Presiden Soeharto Sampaikan Amanat Kenegaraan[1]
KAMIS, 15 AGUSTUS 1974, Dalam rangka peringatan Hari Kemerdekaan ke-29, pagi ini Presiden Soeharto menyampaikan amanat kenegaraannya di hadapan sidang pleno DPR di Senayan, Jakarta. Dalam amanatnya, Presiden telah mengupas secara panjang lebar perkembangan dan masalah yang kita hadapi dalam bidang sosial, politik, dan ekonomi selama ini.
Kepala Negara mengatakan antara lain bahwa Repelita I telah mencapai tujuannya, yaitu meningkatkan taraf kehidupan rakyat banyak dan meletakkan dasar-dasar yang kuat untuk pembangunan tahap berikutnya. Dikemukakannya pula bahwa dalam penyusunan program-program pembangunan, Pemerintah makin mengarah pada keseimbangan antara program-program di bidang ekonomi dan non-ekonomi. Menyangkut pembiayaan program-program itu, Pemerintah makin menekankan pada sumber-sumber di dalam negeri, sementara partisipasi, dan swadaya masyarakat di daerah-daerah diusahakan untuk makin diperluas.

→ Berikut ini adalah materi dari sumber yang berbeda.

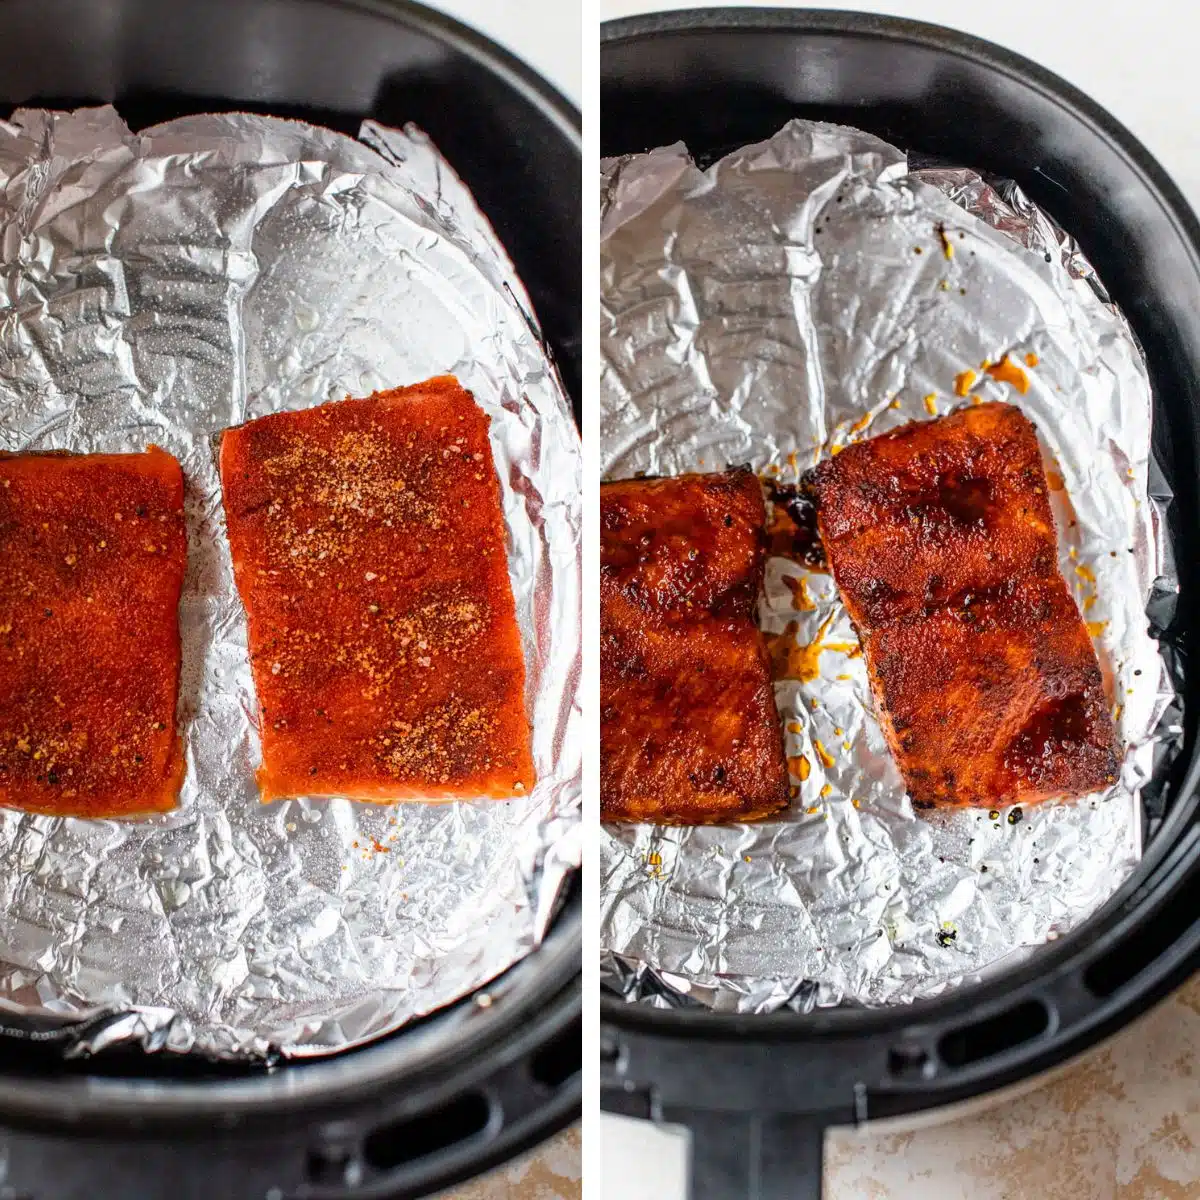 2 images: the left image shows raw salmon being put into the air fryer and the right image shows the salmon being flipped halfway through cooking in the air fryer
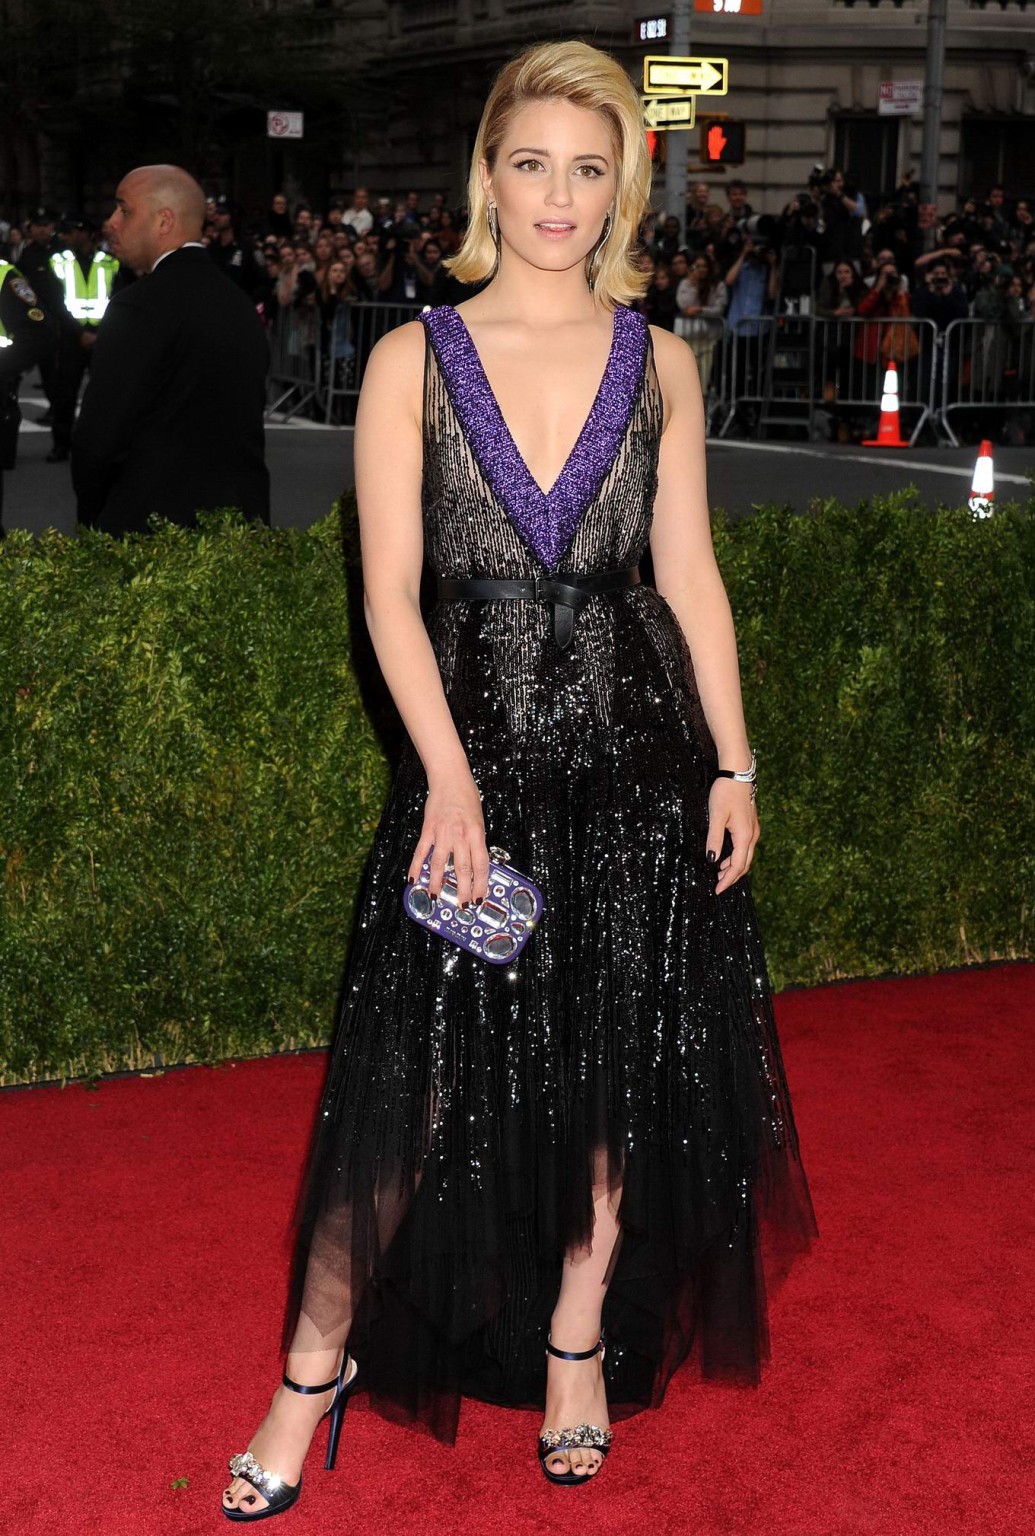 Dianna Aragon showing cleavage at the 2014 Met Gala in NYC #75196820

Akan tetapi diingatkannya bahwa keberhasilan yang dicapai oleh Repelita I itu adalah berkat terpeliharanya stabilitas nasional selama ini. Oleh sebab itu, setiap kebijaksanaan dan langkah yang diambil Pemerintah dalam mensukseskan Repelita II selalu diperhitungkan pemeliharaan dan pemantapan stabilitas yang dinamis. Dikemukakannya bahwa UUD 1945 memberikan landasan yang cocok untuk pembinaan stabilitas politik, khususnya stabilitas pemerintahan yang sangat dibutuhkan untuk kelancaran pembangunan.
Selanjutnya dikatakan bahwa kehidupan politik yang sesuai dengan Pancasila dan UUD 1945 tidak dapat dipisahkan dari hak demokrasi dan penggunaannya oleh dan didalam masyarakat. Dalam alam Demokrasi Pancasila tetap ada tempat yang terhormat bagi hak untuk menyampaikan pendapat termasuk hak berbeda pendapat dengan pemerintah.
Selanjutnya Presiden mengajak masyarakat menjadi benteng yang tangguh dalam menghadapi perembesan sisa-sisa G-30-S/PKI. Akan tetapi diingatkannya bahwa disamping masalah sisa-sisa G-30-S/PKI itu kita perlu mengambil tindakan-tindakan lanjutan dalam rangka penyelesaian secara menyeluruh untuk meniadakan sumber-sumber dan akibat-akibat negatif dari Peristiwa Malari agar peristiwa semacam itu tidak terulang lagi. Dalam hubungan ini, ditegaskannya, terhadap yang bersalah kita memang tidak mengenal kompromi. Namun terhadap mereka yang insyaf atas kekeliruannya dan mau kembali ke jalan Pancasila, harus diberi kesempatan untuk turut serta dalam pembangunan. (AFR).
[1] Dikutip dari buku “Jejak Langkah Pak Harto 27 Maret 1973-23 Maret 1978”, hal 148. Buku ini ditulis oleh Team Dokumentasi Presiden RI, Editor: G. Dwipayana & Nazarudin Sjamsuddin dan diterbitkan PT. Citra Kharisma Bunda Jakarta, Tahun 2003.